For me, I’ve got to write. Although, sometimes, more often than not, I just don’t want to sit in the chair and bang on the keys. Additionally, thinking about writing (which I do all the time) means jackshit. I think I’d like to play guitar, but I don’t pick it up and put the time in. So, if I don’t put the time and effort in unsurprisingly it doesn’t get done.
It’s simple―wanting to write means finding the time to write.
I wanted to be a writer since the third grade when my “The Bionic Spider versus the Bionic Fly” story pleased my teacher so much she told my parents. At some point, with little fanfare, I decided I was, in fact, a writer.
Cory Doctorow says all you really have to do is write 250 words a day, every day. This piece I’m writing is already at 331 words. Just writing 250 words a day, every day means in a year you likely have the first draft of a novel. Write more than 250 a day and it will be finished all the sooner.

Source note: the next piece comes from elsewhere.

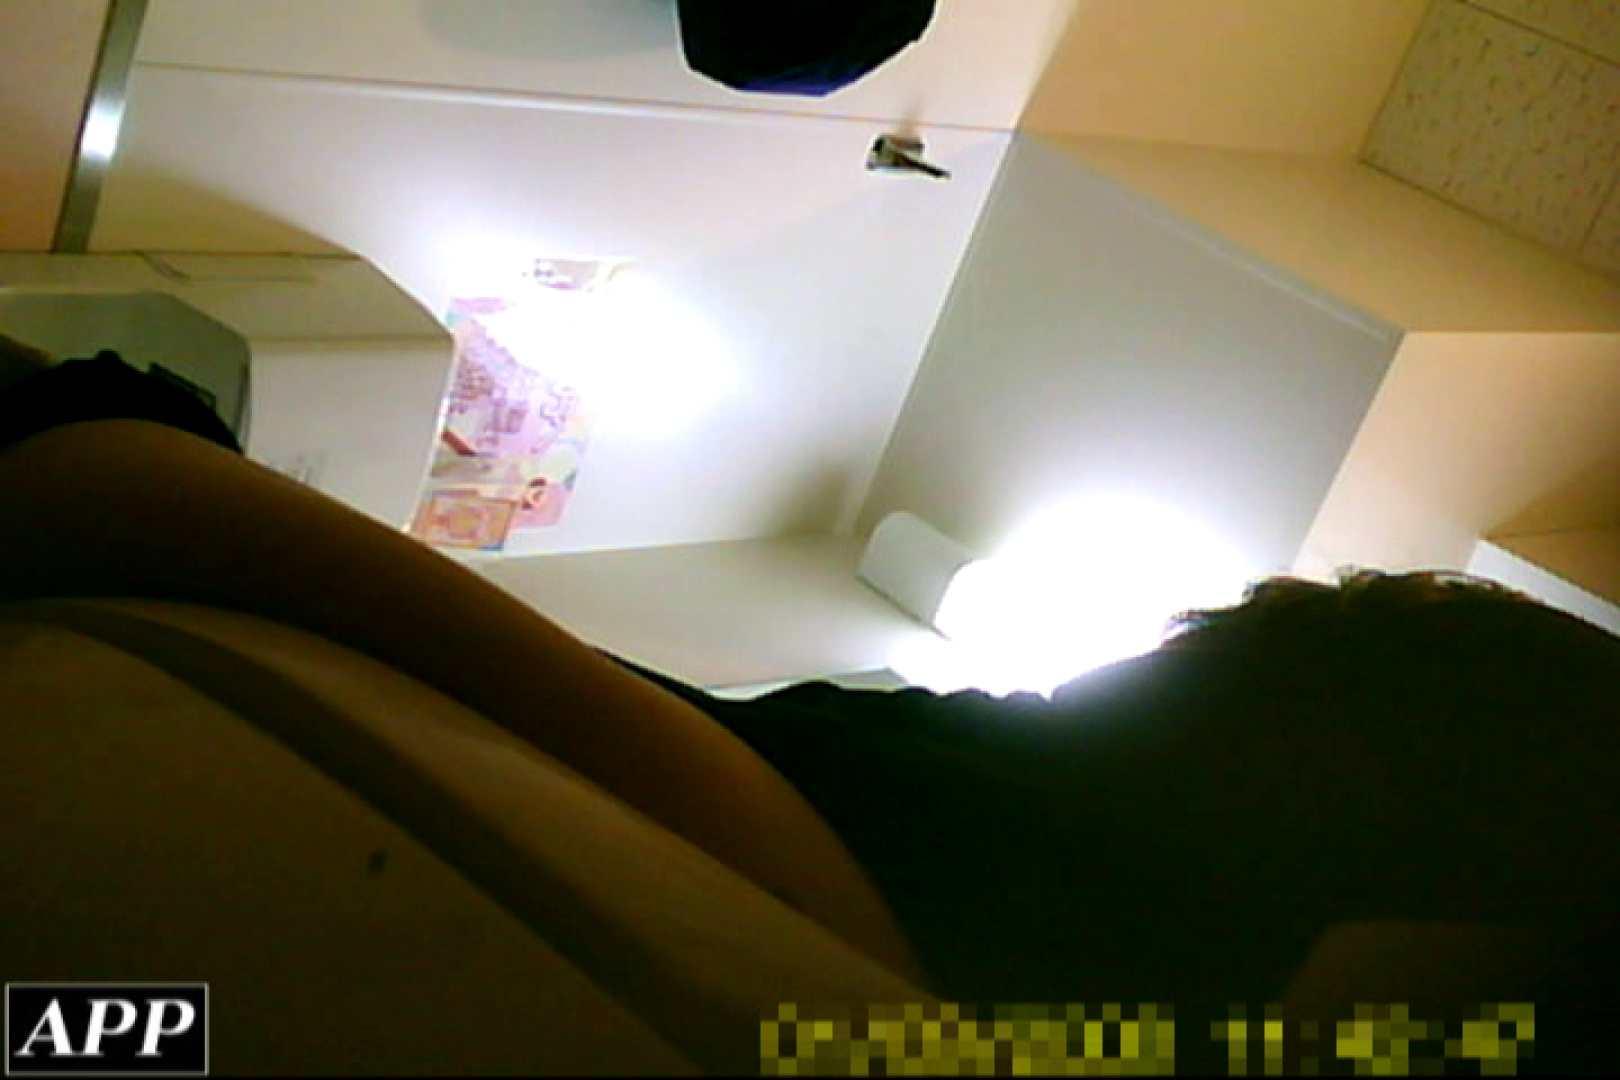 3視点洗面所 vol.05 お姉さん達のオマンコ おまんこ無修正動画無料 90連発 75

There is no excuse. I need to write more. I bet you do too.
I have a bad habit of starting projects and never finishing. As always, I have more ideas than I can execute. I jump around with this fleeting thought and that cool idea. Inevitably, the enthusiasm falls away. Momentum shifts and maybe I get to the end.
Sometimes, but not often, I stare at the screen and have not a word to write. The blinking cursor mocks me. When that happens, I usually just walk away and try again later.
One of the things I do is write just for me and if there’s an audience all the better. I long for an audience waiting with bated breath for the next installment, but the reality is there isn’t anyone out there dying to read whatever I come up with next except maybe my Mom. Hi, Mom.
I do have a fear of failure. Many times I just power through that feeling in my writing. I don’t let myself get overwhelmed and worried over it. Still, a bit of it always creeps through and I start to question my talent and ask why anyone in their right mind would care about whatever I say on whatever topic I choose.
If I write words that I’m proud of then that’s all the reward I should ever need. The goal I have is to simply write, to the best of my ability. I don’t have much of an end-goal in mind. So, I just throw up words on the screen and do my best to organize them into something that make sense.